Вито покачнулся, перекатившись с пятки на носок.
– Если сократить инициалы – «аноним». Можно было, наверное, и так – Анна Нора Оним, например… В общем, до 2281 года женщины по имени Мэри Джейн Доу вообще не существовало. Не рождалась, не приезжала на Марс из какого-либо другого мира, не получила образование, не имела медицинской карты ни в одной больнице. А потом, в 2281 году, всё это резко появилось. Марсианские документы, совершенно подлинные… только сделанные по спецзаказу. Я такие вещи знаю, на Экалте это норма жизни.

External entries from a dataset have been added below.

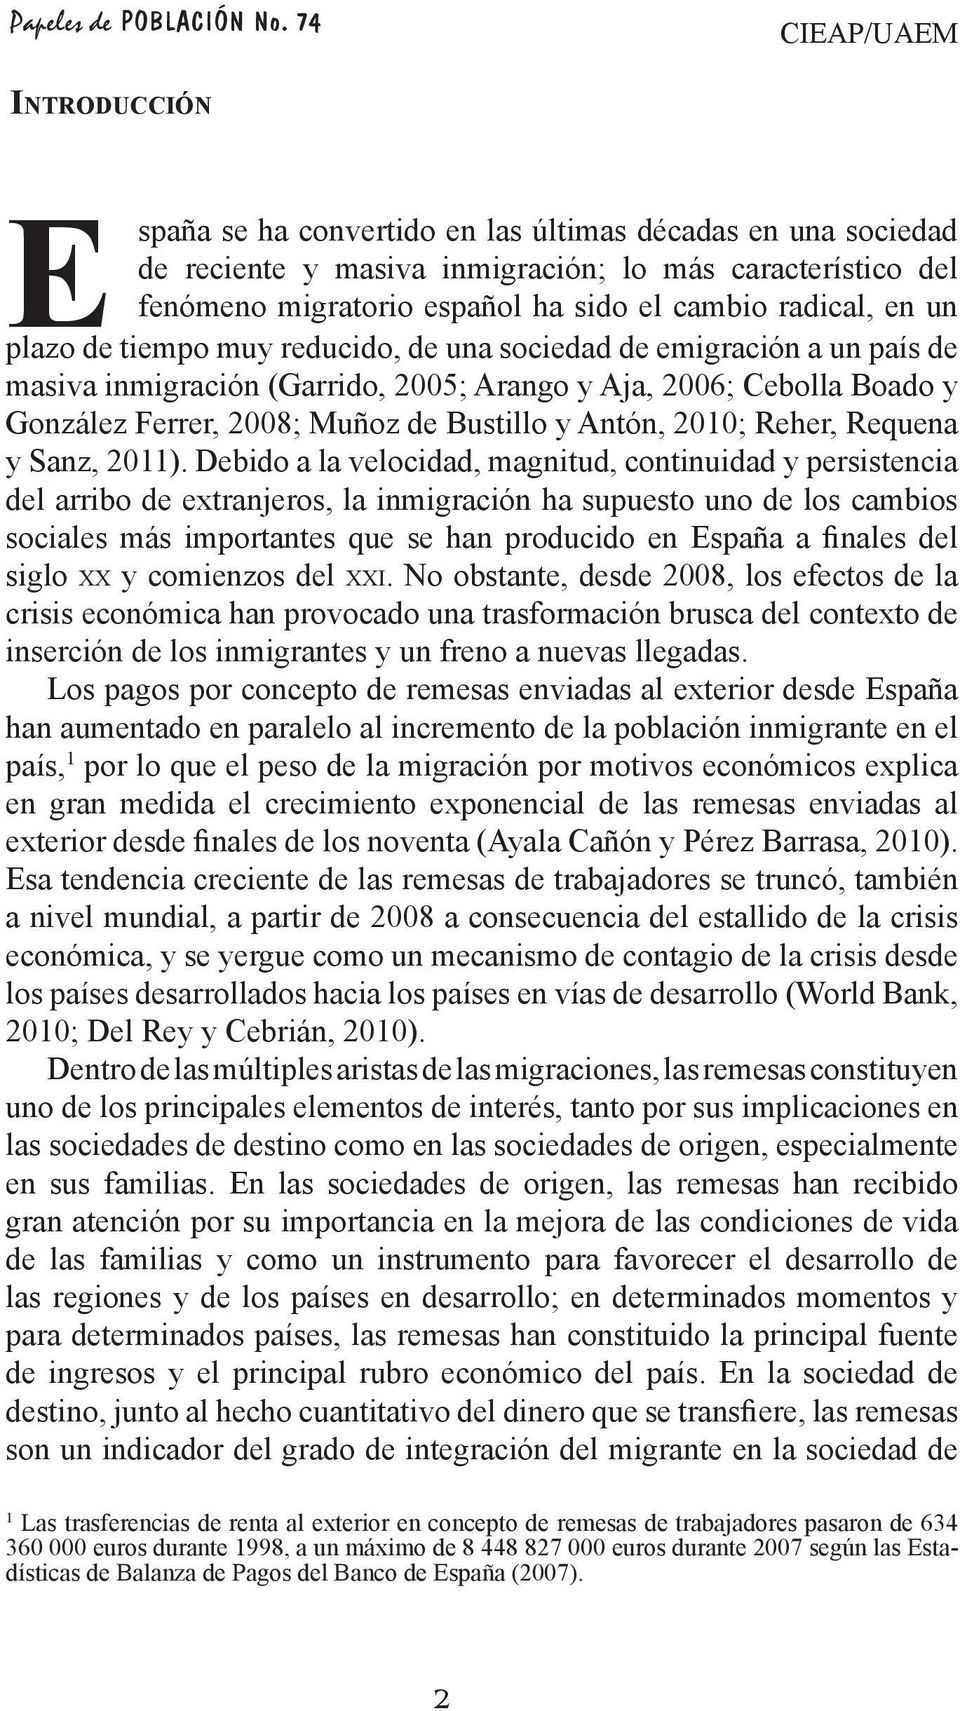 radical, en un plazo de tiempo muy reducido, de una sociedad de emigración a un país de masiva inmigración (Garrido, 2005; Arango y Aja, 2006; Cebolla Boado y González Ferrer, 2008; Muñoz de Bustillo
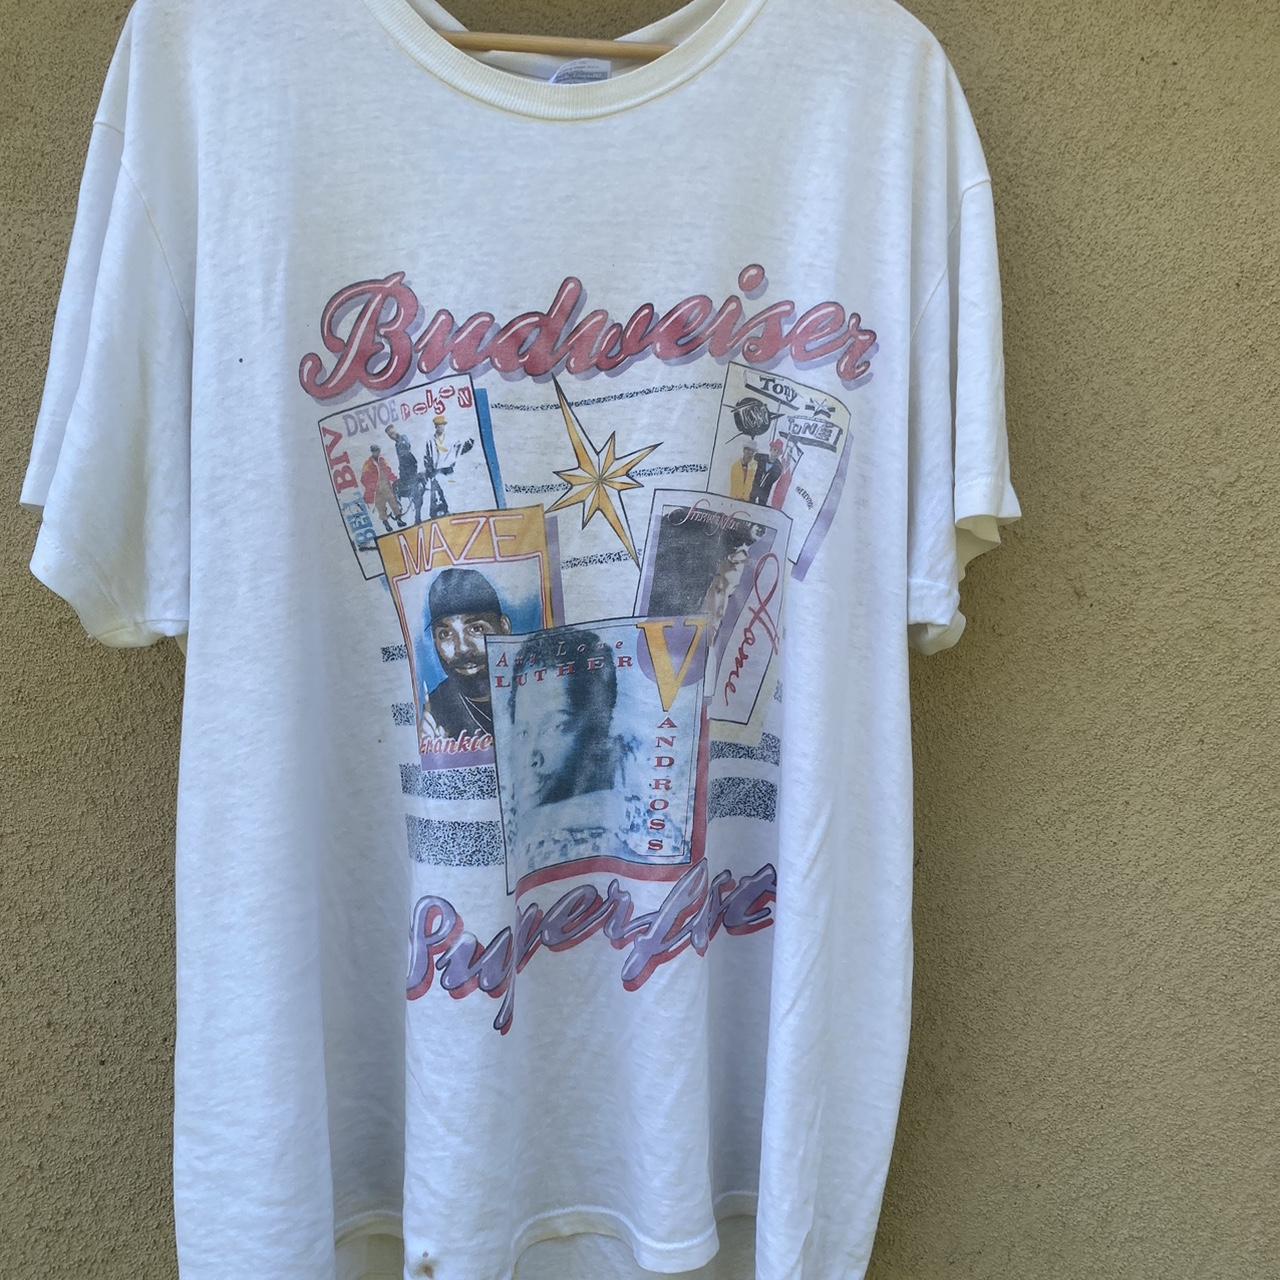 90s music shirt 1990 Budweiser superfest Size XL... - Depop
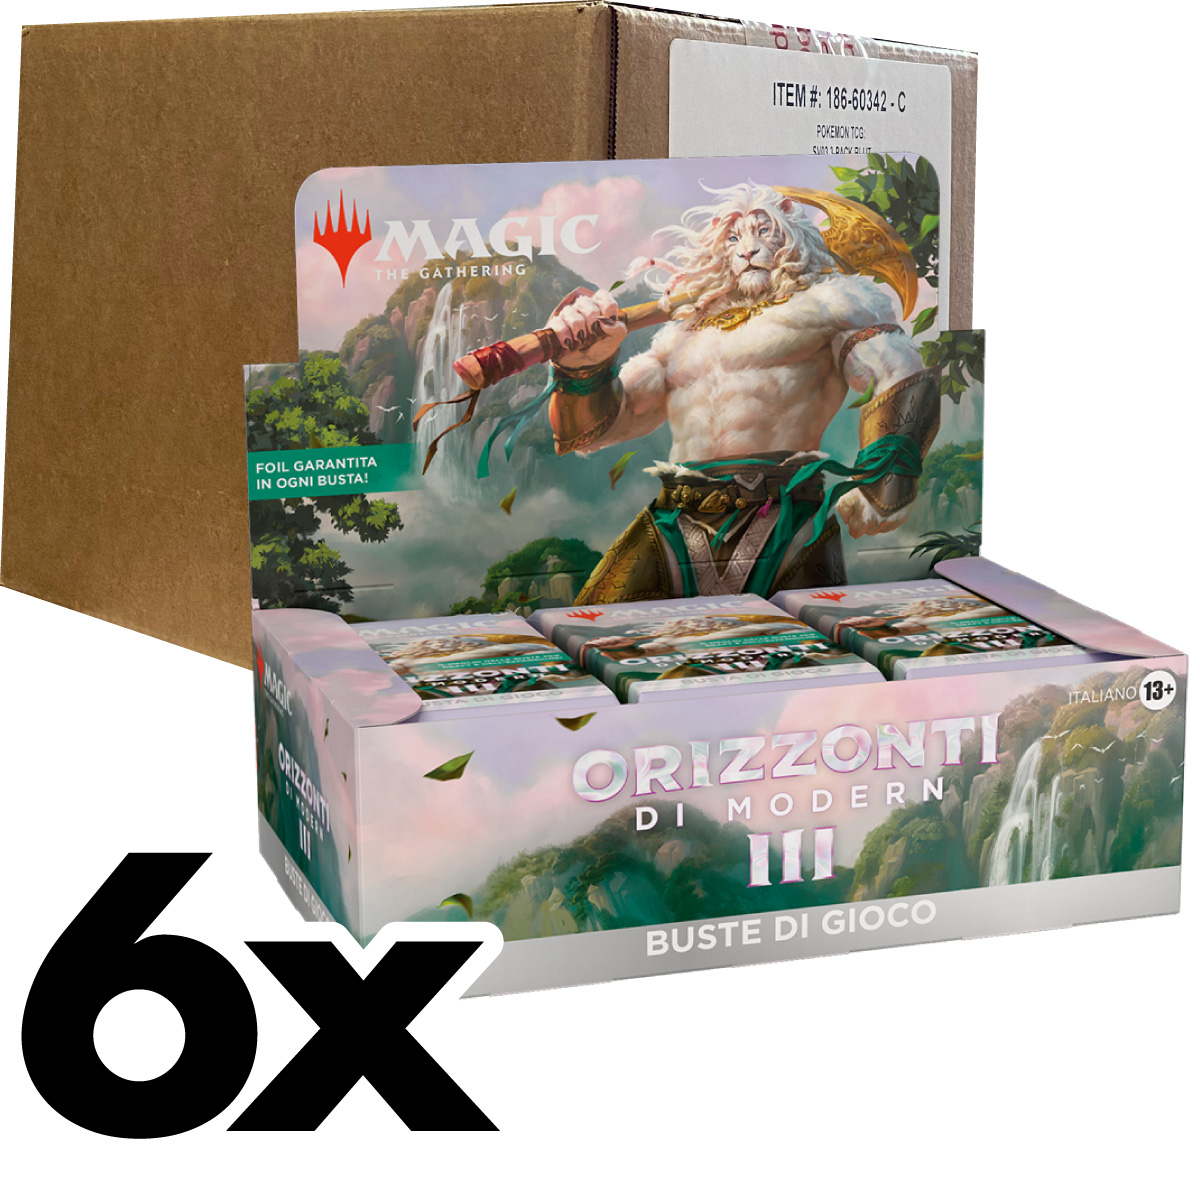 magic the gathering - orizzonti di modern 3 - buste di gioco - case sigillato 6x box 36 buste (ita)
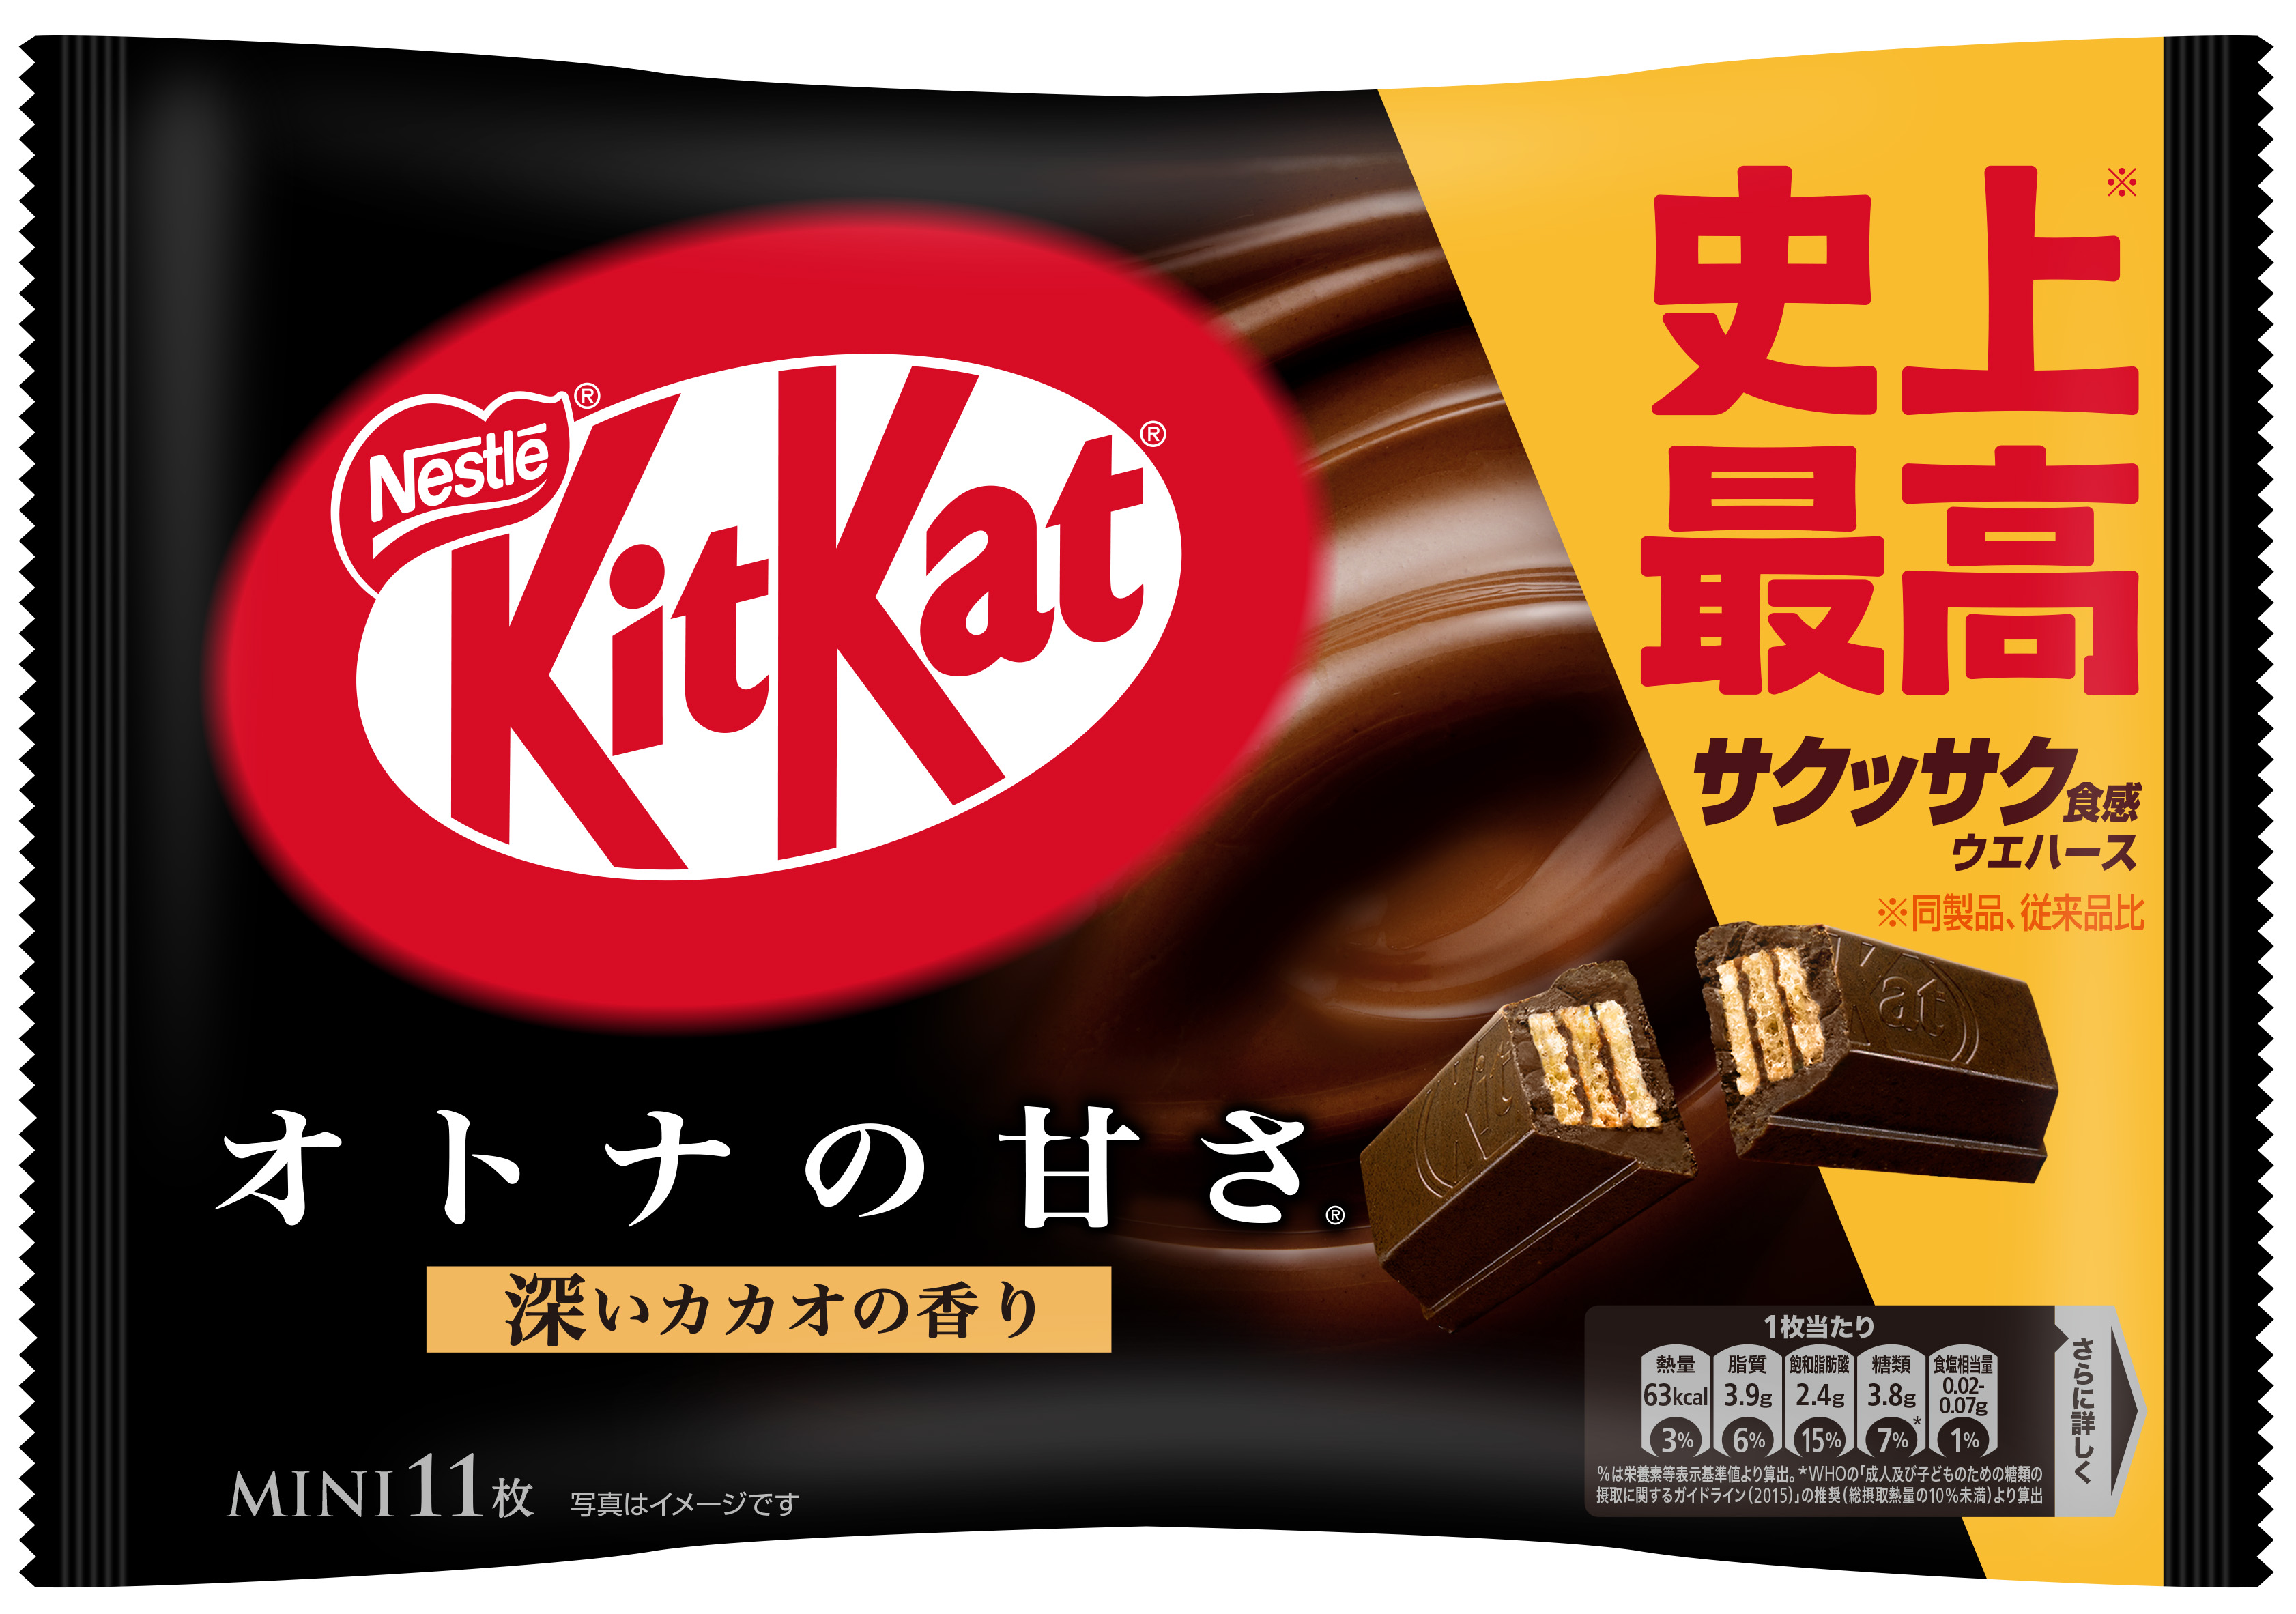 11枚 キットカット ミニ オトナの甘さ | ネスレ日本 製品情報サイト

И что интересно, с этого же 2281 года нет больше никаких сведений о другой Мэри – Мэри Гарибальди. Словно растворилась в воздухе – не училась, не работала, никуда не выезжала, не посещала врачей… А теперь взгляни на эти фотографии. Одна 2279 года, другая твоя, сделанная на Минбаре. Кажется, не очень изменилась? Оценил, романтик, на ком тебя угораздило жениться?
Раймон в полном шоке созерцал фотографию молодой девушки, которую обнимала со спины, видимо, мать – тоже черноволосая, с большими чёрными глазами, только черты лица тоньше, резче, угловатее. На другой, знакомой ему фотографии, так же он сам обнимал… да, ту же самую женщину. Мэри. Марию.
– Но… почему?
Вито поддёрнул штору и присел на подоконник.
– Семейные тайны – это всегда самое интересное. Никакие государственные в подмётки не годятся. Знаешь, в чём разница между двумя Мэри, кроме фамилий? Наличие у одной, и отсутствие у другой, пси-способностей. Мария ведь тебе упоминала, что её отец, хоть и не открещивался прямо от неё, но был очень… расстроен, когда у дочери проснулась телепатия? Легко понять, чего не ожидал, того не ожидал. В семье Гарибальди это, кстати, как я понял, первый и единственный случай. Может, конечно, передалось по линии матери, о той семье я смог найти мало… Хотя кажется, дело всё же не совсем в этом. Мэри не хотела доставлять отцу никаких хлопот и беспокойства. И при том очень хотела работать… Ей не хотелось, чтоб на неё смотрели как на богатенькую дочку, пристроенную отцом по блату. И тем более ей не хотелось, чтоб её, с её способностями, посчитали этаким семейным шпионом… Отец сделал ей новые документы, уступил её желанию. Правду знали немногие.
– Мэри Гарибальди… – потрясённо пробормотал Раймон.
– Ну да. Ты подозревал, что она из очень высокопоставленной семьи… Выше некуда, как видишь. Не понимаю, конечно, почему она тебе-то не сказала… Может быть, считала, подобно тебе, что это несущественно?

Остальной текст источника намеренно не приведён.